= George Howson (British Army officer) =

Major George Arthur Howson MC (7 September 1886 – 28 November 1936) was an officer in the British Army in the First World War, and later the founder and chairman of the Royal British Legion Poppy Factory.

==Early life==
Howson was the youngest child of George Howson, rector of Overton-on-Dee (then in Flintshire). He was the descendant of Anglican clergymen through both parents: his paternal grandfather (John Howson) was Dean of Chester, and his maternal great-grandfather (Thomas Dealtry) was Bishop of Madras. He was christened with a second forename, Arthur, but he disliked it, and never used it. His sister, Joan Howson, became a stained glass artist.

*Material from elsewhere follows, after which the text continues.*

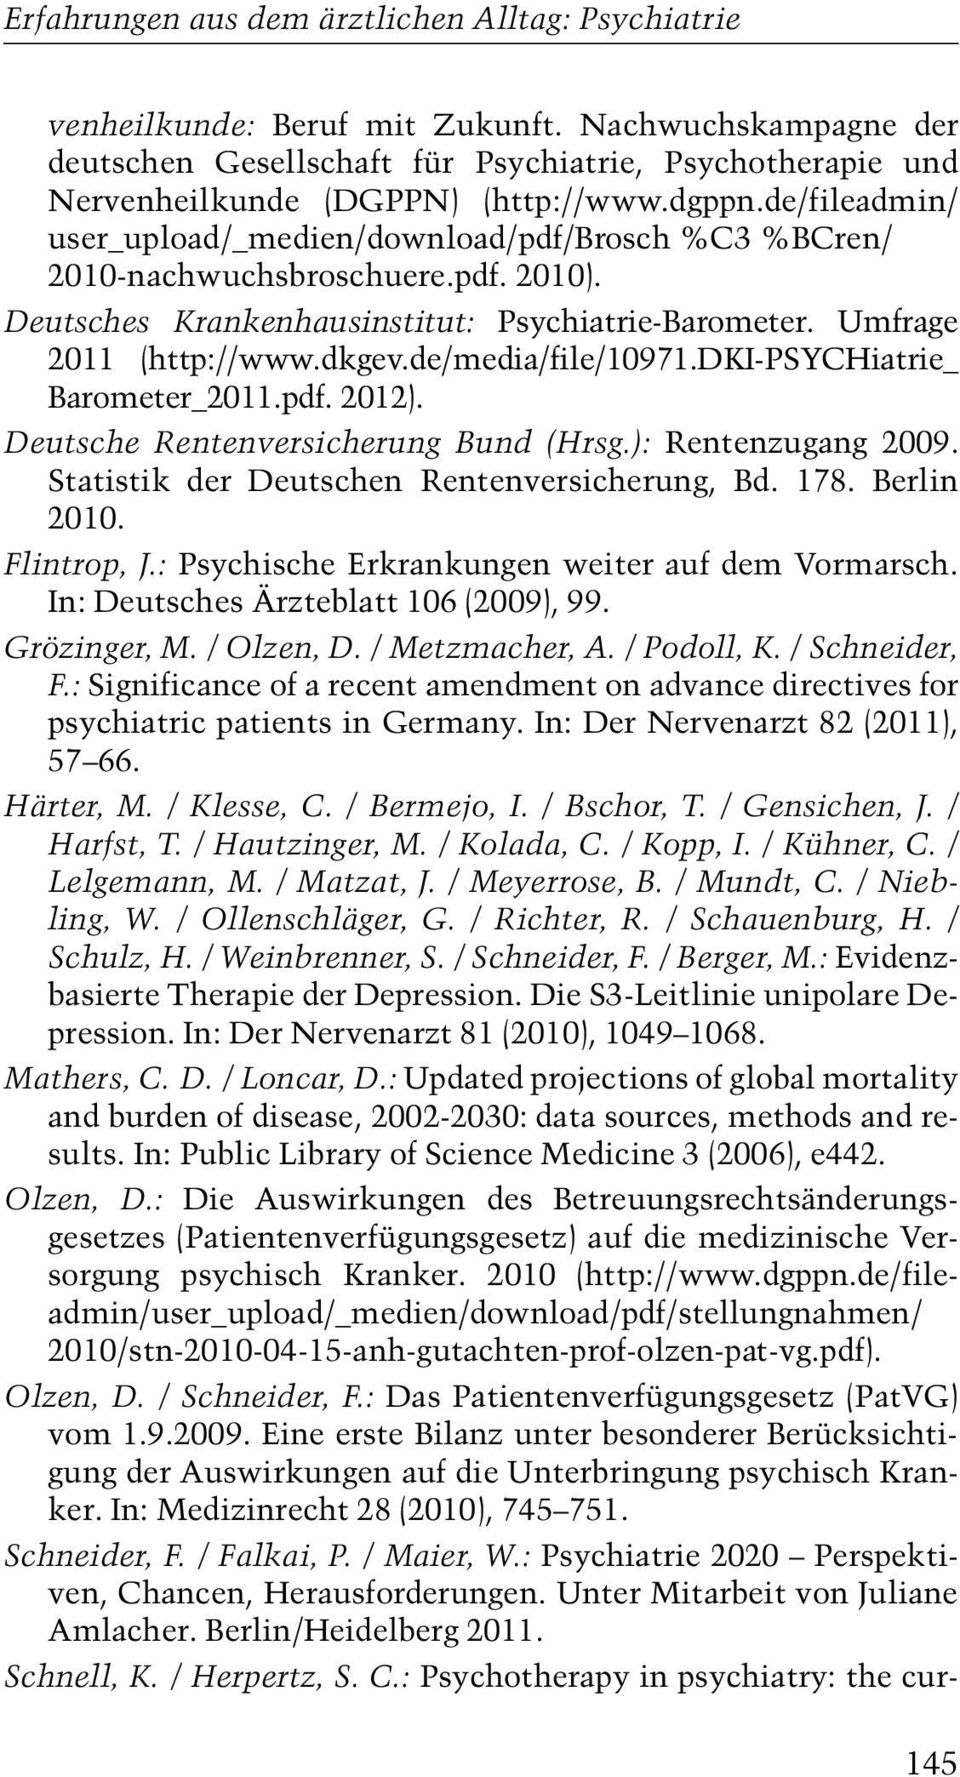 de/fileadmin/ user_upload/_medien/download/pdf/brosch %C3 %BCren/ 2010-nachwuchsbroschuere.pdf. 2010). Deutsches Krankenhausinstitut: Psychiatrie-Barometer. Umfrage 2011 (http://www.dkgev.
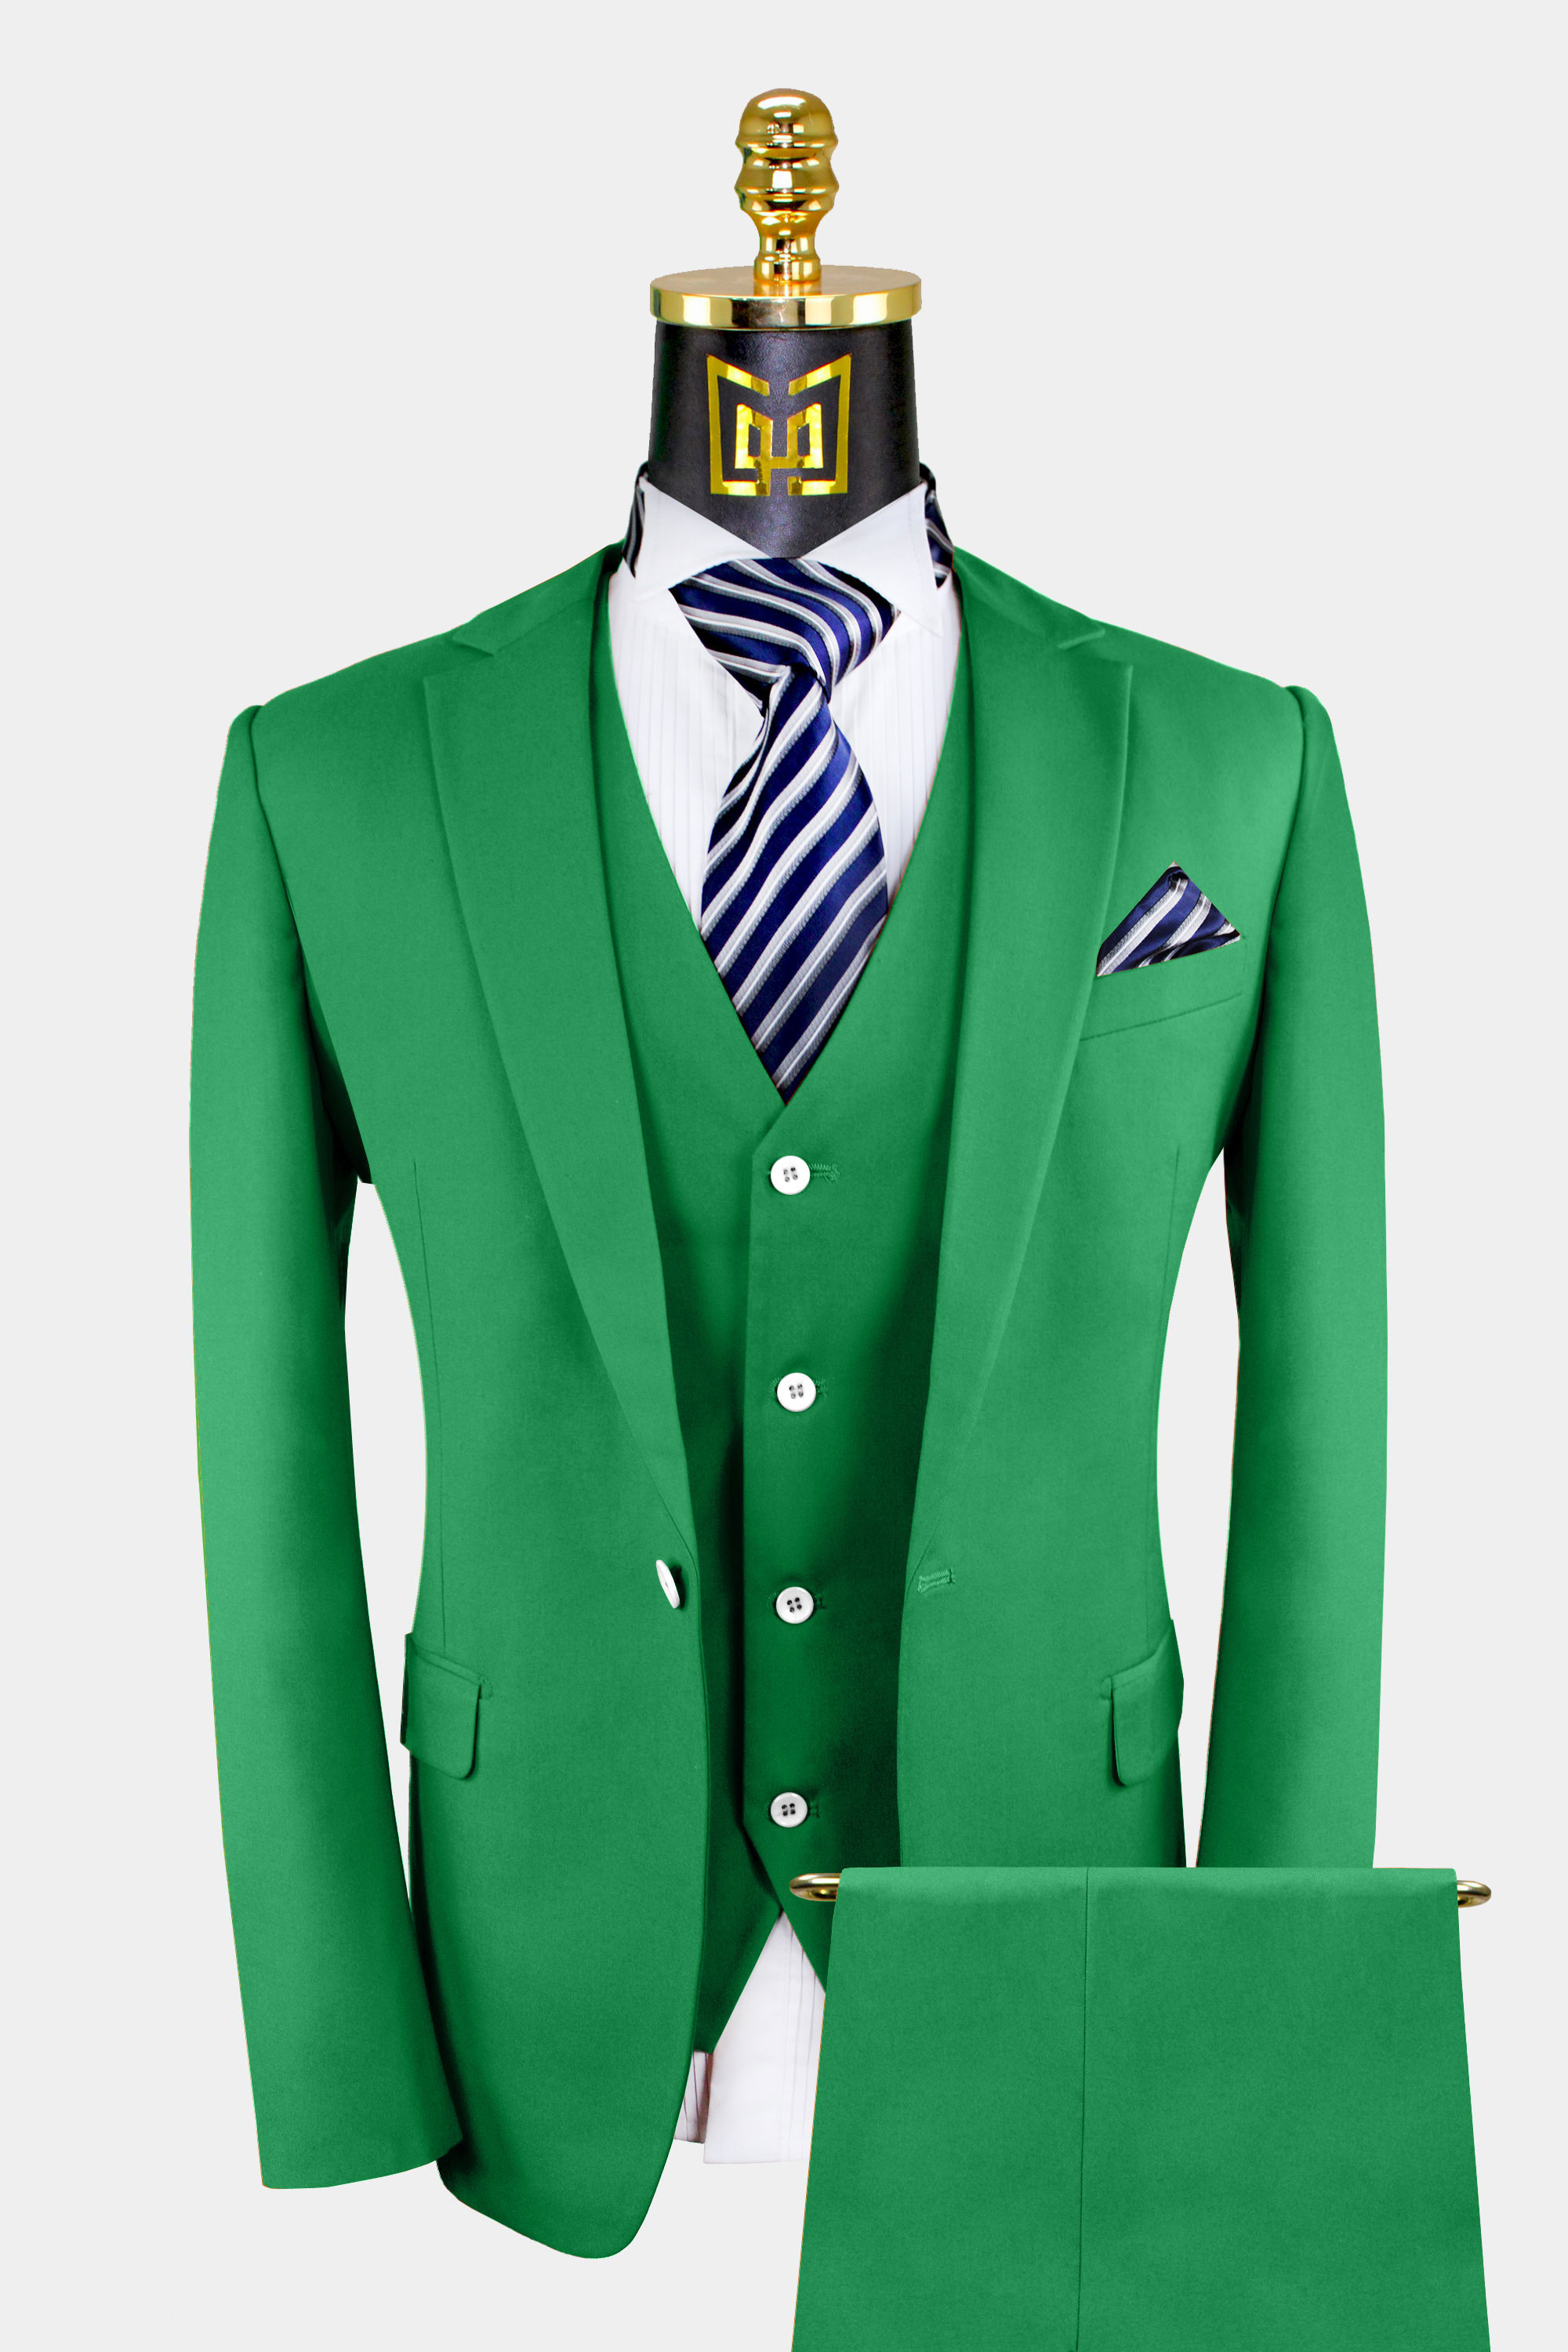 3-Piece-Green-Suit-For-Men-Wedding-Groom-Prom-Tuxedo-from-Gentlemansguru.com

Howson was educated at Loretto School, Musselburgh, and studied at Heriot-Watt College in Edinburgh. After university, through his father's connections, he was found a position as assistant manager at Melalap Estate, a rubber estate in British North Borneo from 1909 to 1914, where he contracted malaria, dysentery, and jaundice.

==War service==
Howson was on sick leave in England in 1914 when the First World War broke out. He was commissioned as a second lieutenant in the 11th (Service) Battalion of the Hampshire Regiment in September 1914. He served on the Western Front throughout the war, from 1914 to 1918. Having been promoted to captain, he was awarded the Military Cross for his actions at Pilckem Ridge in the Battle of Passchendaele on 31 July 1917, where, despite receiving a shrapnel wound, he encouraged his unit to continue repairing a road under shellfire. He was promoted to major, and finally retired from the army in May 1920.

==Post-war career==
Howson married Jessie Gibson in September 1918. She was the daughter of William Gibson, the Australian owner of the Foy & Gibson department stores. The newly married couple quickly became wealthy after William Gibson died in November 1918. His eldest child, and only son, Peter Howson later became a government minister in Australia.

Howson was the founding chairman of the Disabled Society in 1920, with Jack Cohen MP. After the first Poppy Appeal in 1921 used artificial poppies imported from France by Madame Anna Guérin, the British Legion commissioned the Disabled Society to make poppies in England for the 1922 appeal. Howson started with a workforce of five disabled ex-servicemen at a former collar factory on the Old Kent Road in June 1922. The number of employees rapidly increased to over 40, and they made a million poppies within two months. The Prince of Wales (later Edward VIII) visited the Poppy Factory in November 1924. The factory made 27 million poppies that year. Most of the employees were disabled, and by then there was a long waiting list for prospective employees.

The Disabled Society merged with the British Legion in 1925, and the Poppy Factory became a company limited by guarantee, with Howson as chairman. The factory moved to Richmond, Surrey in 1926, to the premises of an old brewery bought using money donated by Howson. Howson instituted the Field of Remembrance at Westminster Abbey in 1928, and the factory started to make remembrance crosses and wreaths.

Howson lived at Hambleden, near Henley-on-Thames, with a town house in Kensington. He died of cancer of the pancreas. He was buried at Hambleden, with the funeral service conducted by his father, by then an archdeacon and canon emeritus of Liverpool Cathedral. He was survived by his wife and their four children.